Page 48
“Damn good question, Ivan,” Cohen said, “one that never occurred to me. Where do you think it is?”
“When one has a fortune that won’t fit in one’s hip pocket, one puts it in the bank. It’s in a bank somewhere.”
“Somewhere in Europe,” Cohen said, nodding in agreement. “The first place that comes to mind is Switzerland. But the last I heard, we had a hundred FBI agents—probably more—in Switzerland looking for Nazi money. So where else?”
“Father McGrath,” Serov said. “Would you please tell us all you can about Pope Pius XII?”
“Seriously?”
“Quite seriously.”
“Okay. So, Eugenio Maria Giuseppe Pacelli became Pius XII in March of 1939. Prior to that, he was papal nuncio to Germany and later cardinal secretary of state. You want more?”
“What would you say, Father,” Serov asked, “was the cardinal secretary’s most significant diplomatic achievement?”
“Oh, I see where you’re going,” McGrath said.
“I think I do, too,” Cohen said. “And it never entered my goddamn mind!”
Cronley thought, And stupid Super Spook has no idea what the hell they’re even talking about.
“I believe you’re talking about the Reichskonkordat?” McGrath said.
“Yes, I am,” Serov said. “Tell us about it.”
“The Pope made a deal with the Nazis,” Cohen furnished. “They agreed to leave the Catholic Church alone and the Pope stopped criticizing the Nazis.”
“There was a good deal more to the Reichskonkordat than that, wasn’t there, Father?” Serov said.
“The Vatican State,” McGrath replied. “I don’t know the details, but Mussolini went along.”
“Yes, he did,” Cohen said. “He declared the less than a half square kilometer of the Vatican an independent country free of Italy.”
“With all the same sovereign rights as the Soviet Union,” Serov added, “and the United States of America, and every other independent country. Correct?”
“When Mark Clarke’s Fifth Army took Rome,” Cohen said, “they were under strict orders not to enter the Vatican. And as soon as Hotshot Billy landed Clarke next to the Colosseum—”
“Our Hotshot Billy?” Cronley interrupted.
“I know of only one Lieutenant Colonel William Wilson,” Cohen replied. “That Hotshot Billy. Before being General White’s aviation officer, when Clarke took Rome Wilson was Clarke’s twenty-one-year-old—maybe twenty-two—personal pilot. Anyway, as soon as Billy dropped Clarke off next to the Colosseum, he flew back to Fifth Army headquarters, where he picked up the Fifth Army’s Catholic chaplain and transported him to Rome. The chaplain then got in a jeep and drove to the Vatican, politely asked to be admitted, and then assured the cardinal secretary of state that the Fifth Army and the United States were going to respect the sovereignty of the
Vatican.”
“I never heard any of this,” Father McGrath said. “Fascinating.”
“It gets even more interesting,” Serov said. “Can any of you students of international affairs tell me what every sovereign state has in common with its peers?”
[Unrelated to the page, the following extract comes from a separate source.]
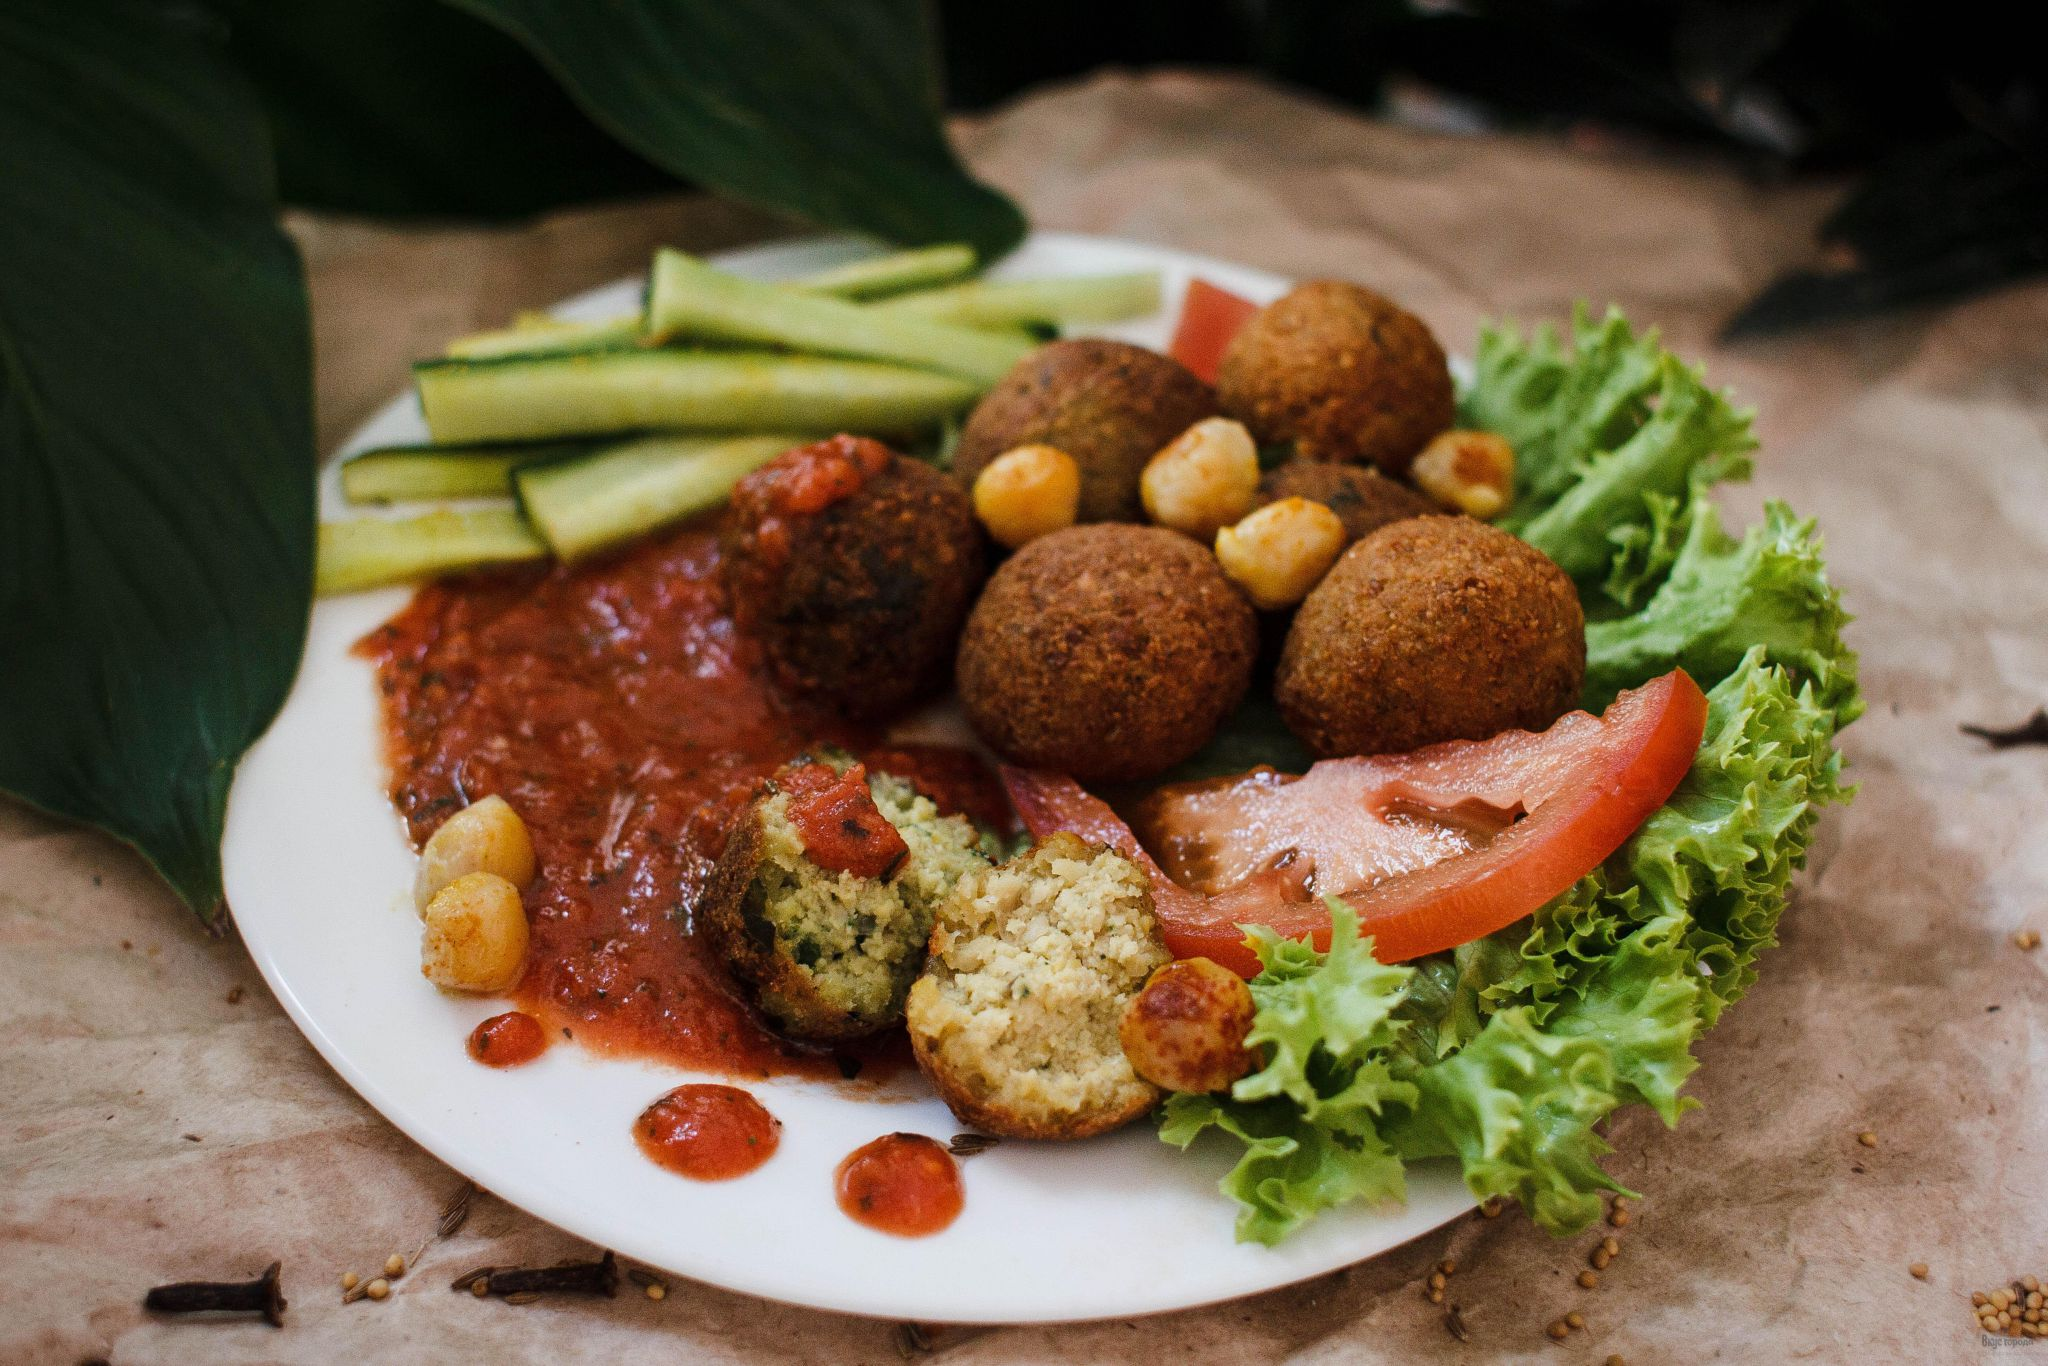 Pictures of falafel balls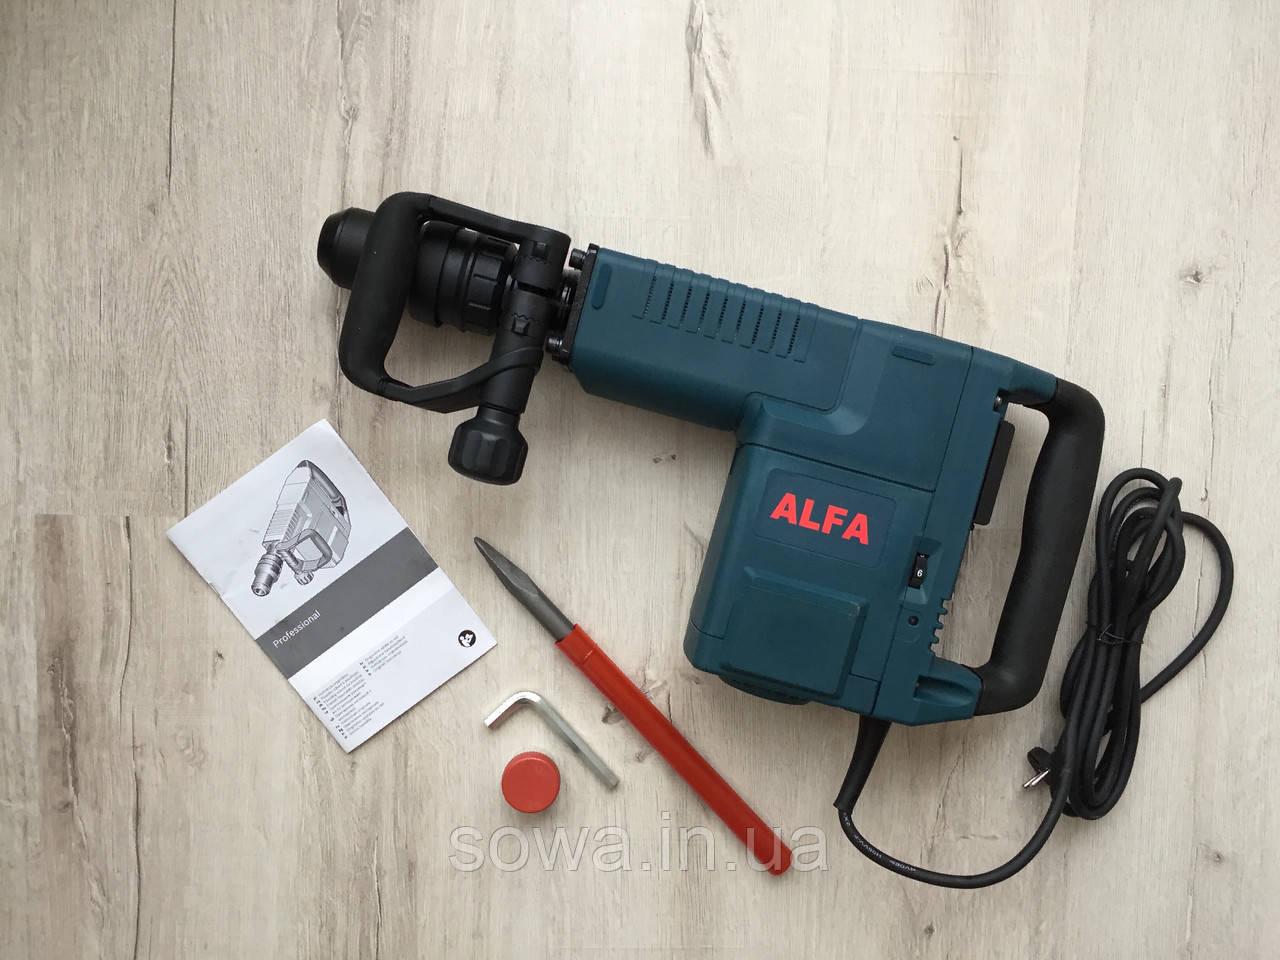 ✔️ Електричний відбійник AL-FA RH229

“A national bank,” Cohen said after some consideration. “Christ! Why didn’t anyone come up with this?”
“Into which, I suggest,” Serov said, “just before the Germans departed Rome, or probably earlier, the disciples of Saint Heinrich the Divine deposited just about all of their worldly goods.”
“Why would the Pope—the Vatican—let them do that?” Ginger asked, a second before Cronley was about to ask the same question.
She’s about to be told to butt out, Cronley thought, and not politely.
She wasn’t.
“A very good question, my dear,” Serov said. “One to which I have given much thought.”